By using Carmpus services, you agree to the collection and use of information in accordance with this.

Table of Contents

What Personal Data We Get

Any data we obtain from or about you, including information CAMPUS can associate with you and groups of persons, may collect or process behalf of tutors, the following categories of personal data when you or others interact with CAMPUS products and services:

• Account Information: Information associated with an account that licenses CARMPUS products and services, which may include administrator name, contact information, account ID, billing and transaction information, and account information.
• Profile and Learners/Tutors' Information: Information associated with the CARMPUS profile of a user who uses CARMPUS products and services under a licensed account or that is provided by an unlicensed participant joining a class, which may include name, display name, picture, email address, phone number, student information, stated locale, user ID, or other information provided by the user and/or their account owner.
• Contact Information: Contact information added by users to create contact lists on CARMPUS platform, which may include contact information a user integrates from a third-party app or provided by users to process referral invitations.
• Settings: Information associated with the preferences and settings on CARMPUS account or user profile, which may include audio and video settings, recording file location, screen sharing settings, and other settings and configuration information.
• Registration Information: Information provided when registering CARMPUS classes, webinars, lecture rooms, or recording, which may include name and contact information, responses to registration questions, and other registration information requested by the host.
• Device Information: Information about the computers, phones, and other devices used when using CARMPUS products and services, which may include information about the speakers, microphone, camera, OS version, hard disk ID, PC name, MAC address, IP address (which may be used to infer general location at a city or country level), device attributes (like operating system version and battery level), Wi-Fi information, and other device information (like Bluetooth signals).
• Content and Context from Classes, Webinars, Messaging, and Other Collaborative Features: Content generated in classes, webinars, or messages that are hosted on CARMPUS platforms, which may include audio, video, live class messages, chat messaging content, transcriptions, transcript edits and recommendations, written feedback, responses to Q&A, and files, as well as related contexts, such as invitation details, chat name, or class agenda.
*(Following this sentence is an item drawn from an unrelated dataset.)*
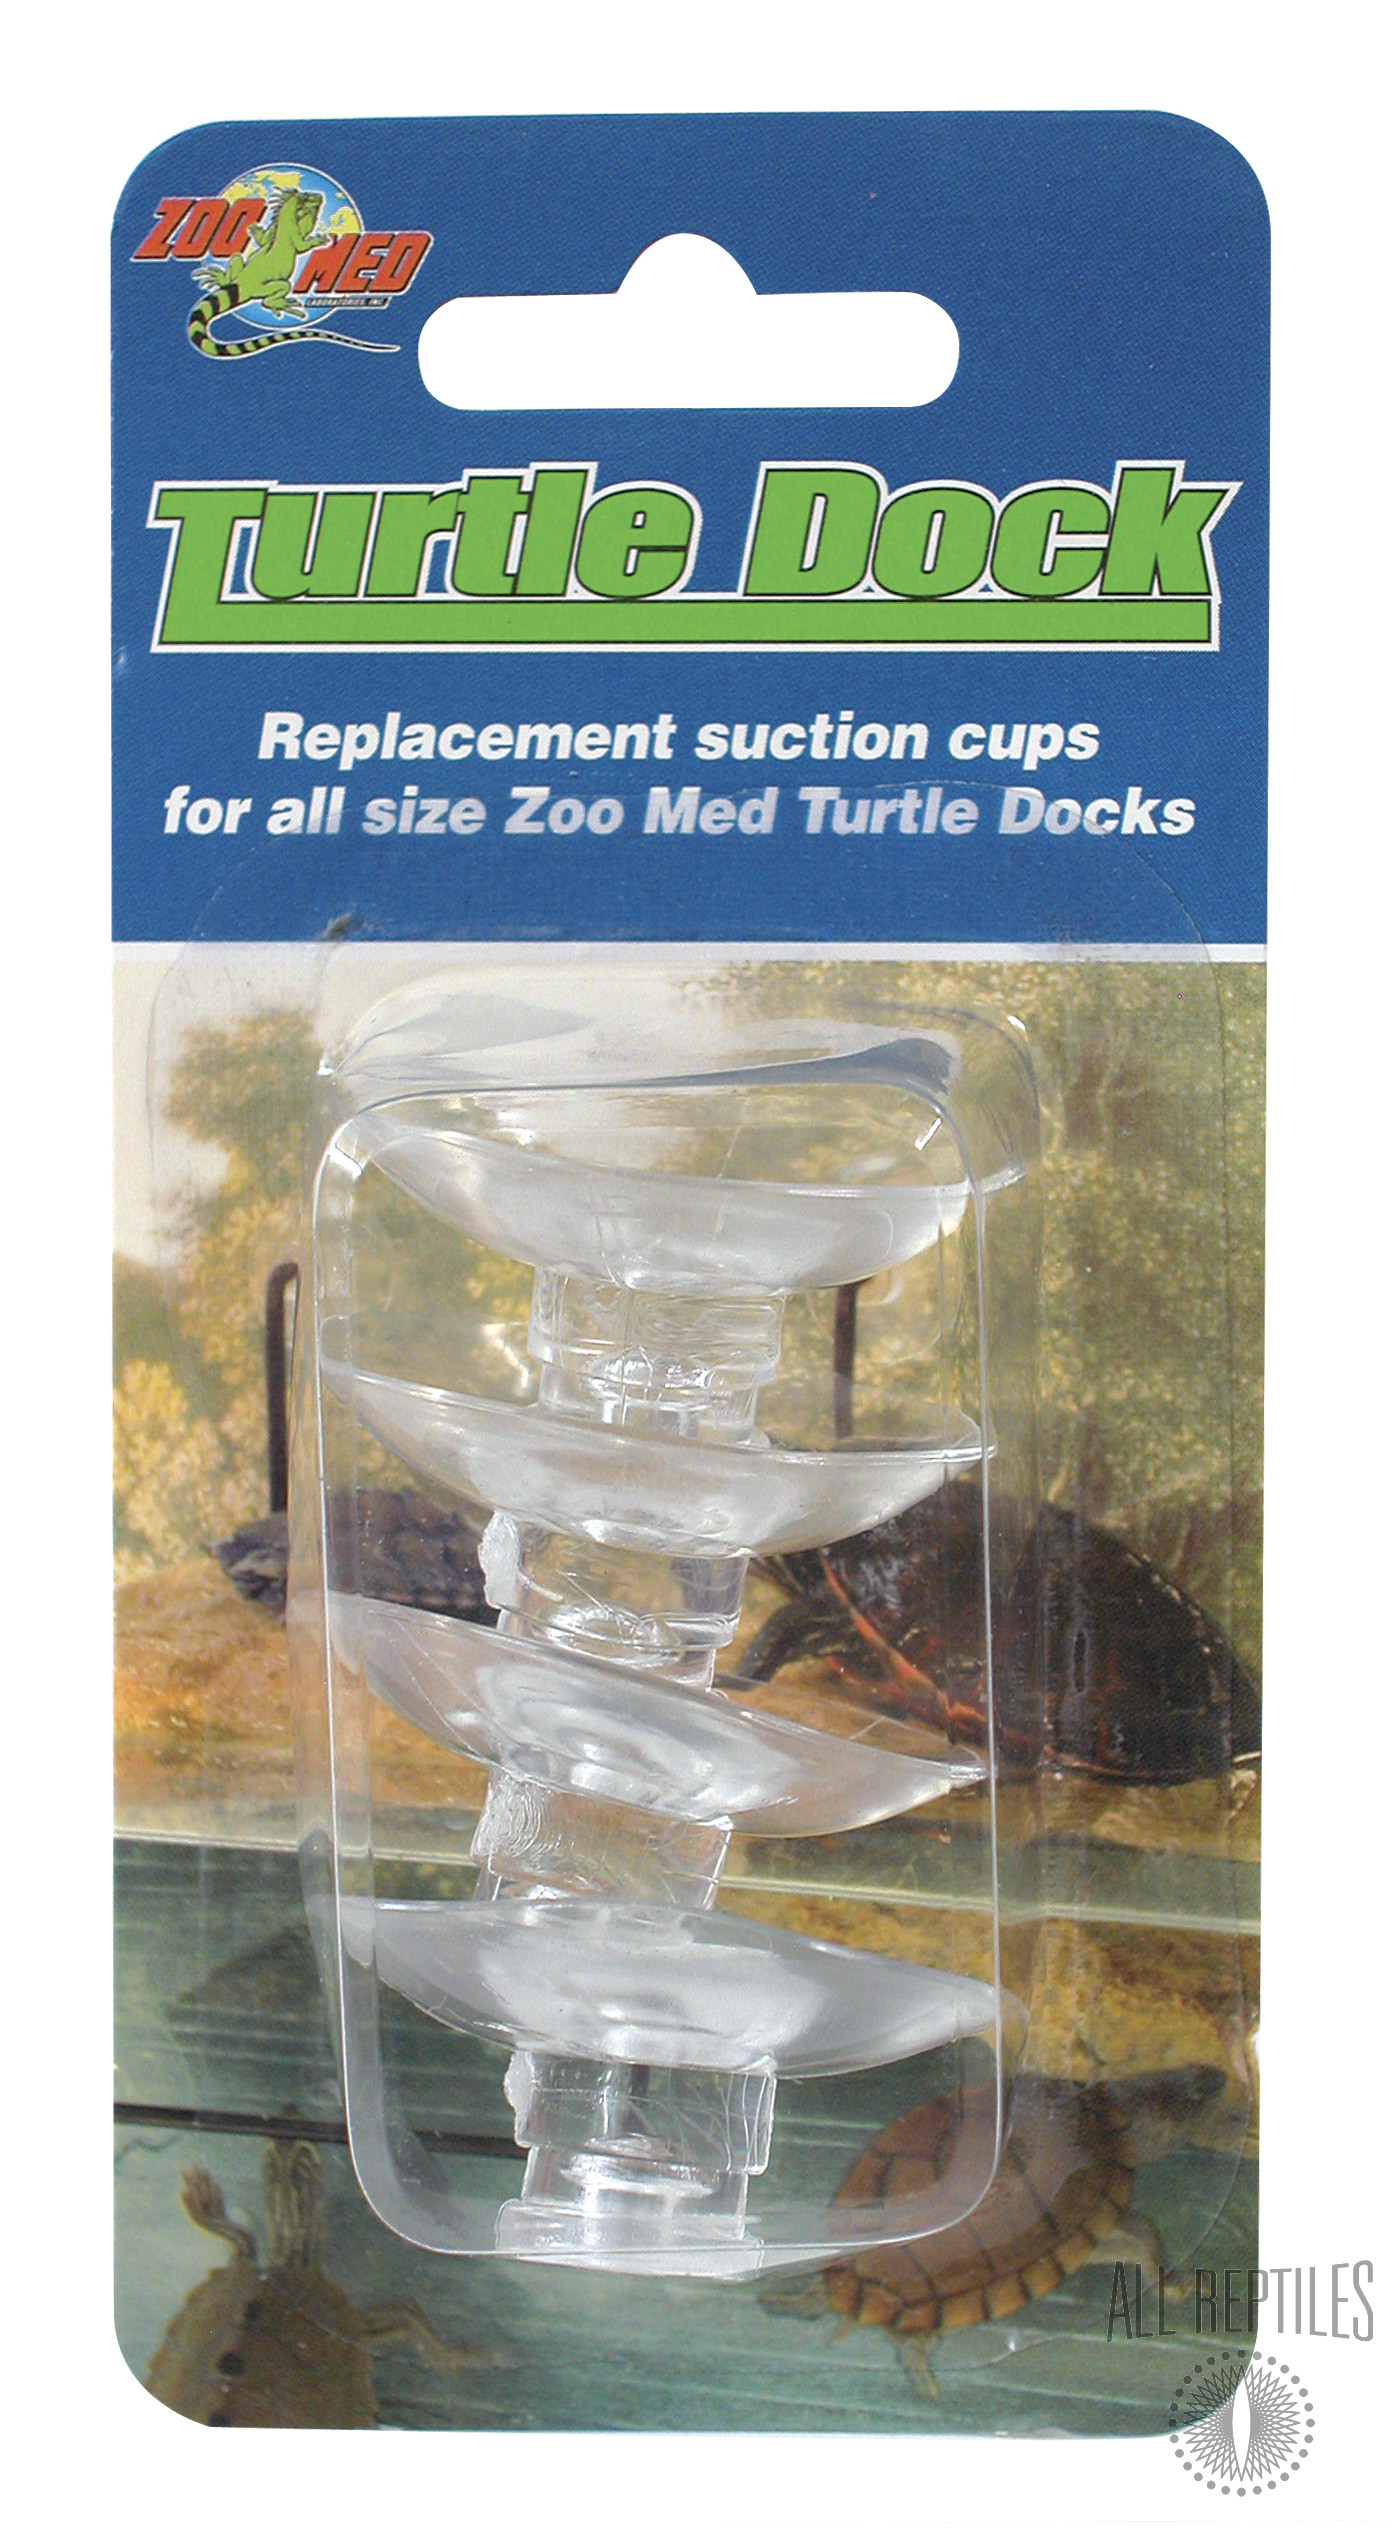 ZM Turtle Dock Suction Cups
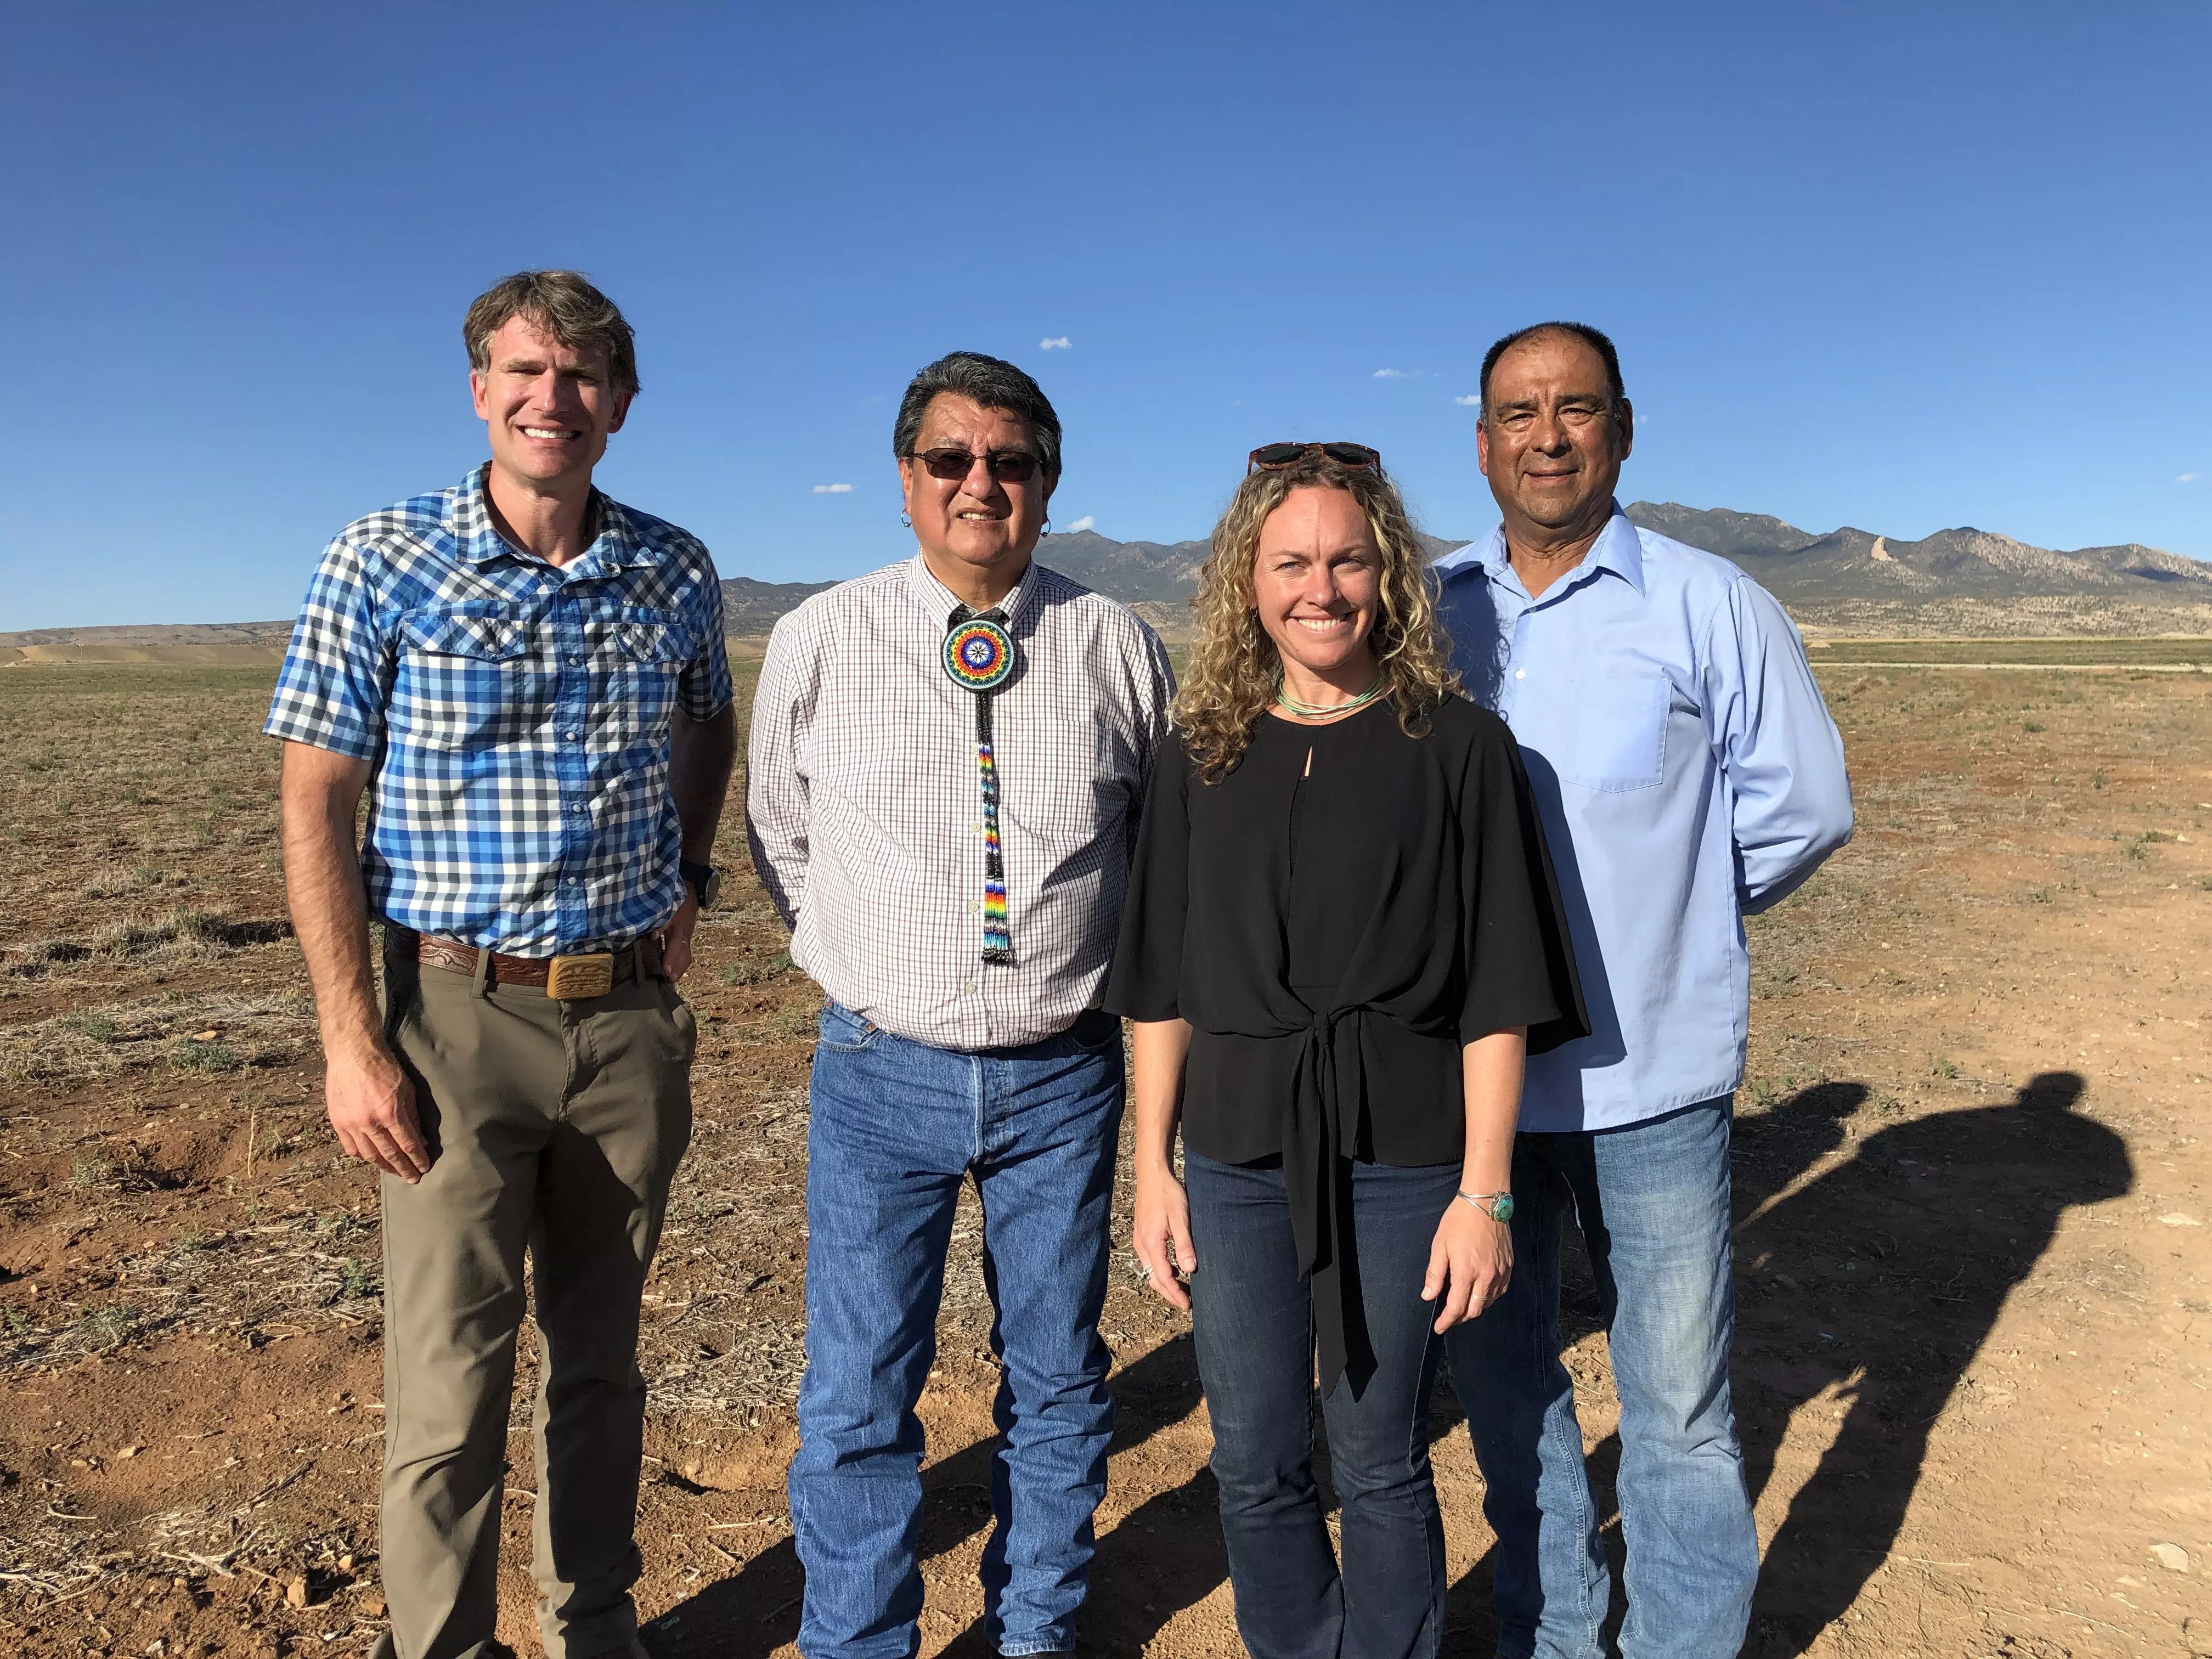 l-r: Dan Gibbs, Manuel Heart, Kate Greenberg, and Simon Martinez pose in a field for the camera.

Content may contain your voice and image, depending on the settings, what you choose to share, your settings, and what you do on CARMPUS platforms.
• Usage Information Regarding Live-Classes, Webinars, Messaging, Collaborative Features, and the Website: Information about how people and their devices interact with Carmpus products and services, such as: when learners and tutors alike join and leave a class; whether learners/tutors sent new messages and whom they message; performance data; mouse movements, clicks, keystrokes or actions (such as mute/unmute or video on/off), edits to transcript text, where authorized by the account owner and other inputs that help Carmpus to understand feature usage, improve product design, and suggest features; which third-party apps are added to a class or other product or service and what information and actions the app is authorized to access and perform; use of third-party apps and the Carmpus App Marketplace; features used (such as screen sharing, emoji, or filters); and other usage information and metrics. This also includes information about when and how learners visit and interact with Carmpus' websites, including what pages are accessed, interaction with website features, and whether or not the learner of tutor signed up for a Carmpus product or service.
• Limited Information from Carmpus Email and Calendar Services: This policy refers to Carmpus' native email service and emails sent from Carmpus native email service. Carmpus Email is designed to be end-to-end encrypted by Carmpus by default for emails sent and received directly between active Carmpus users. When an email is end-to-end encrypted, only the users, and, depending on their settings, account owners, or designated account administrators control the encryption key and therefore access to the email content, including body text, subject line, attachments and custom labels applied to messages by users in their inboxes. Emails sent to or received from non-Carmpus users are encrypted after the email is sent or received from Carmpus' servers.
• Information from Partners: Carmpus obtains information about account owners and their users from third-party companies, such as market data enrichment services, including information about learners/tutors, contact information, or activity of certain enterprise domains. Carmpus may also obtain information from third-party advertising partners who deliver ads displayed on Carmpus products and services, such as whether you clicked on an ad they showed you.

How We Get Your Data

Apart from inputting your data on the Carmpus platform, we also use tools like cookies, web beacons, and similar tracking technologies to gather data. Cookies and Data Collection Tools Carmpus uses cookies, which are small text files stored by your browser, to collect, store, and share data about your activities on our website. This allows us to remember certain information about your visits to Carmpus, like your preferred language, and to make our site easier to use. We may also use clear pixels in emails to track deliver ability and open rates. Carmpus and other service providers acting on our behalf like Google Analytics and third-party advertisers use server log files and automated data collection tools like cookies, tags, scripts, customized links, device or browser fingerprints, and web beacons when you access and use the services. These Data Collection Tools automatically track and collect certain System Data and Usage Data when you use the services. In some cases, we tie data gathered through those Data Collection Tools to other data that we collect as described in this Privacy Policy.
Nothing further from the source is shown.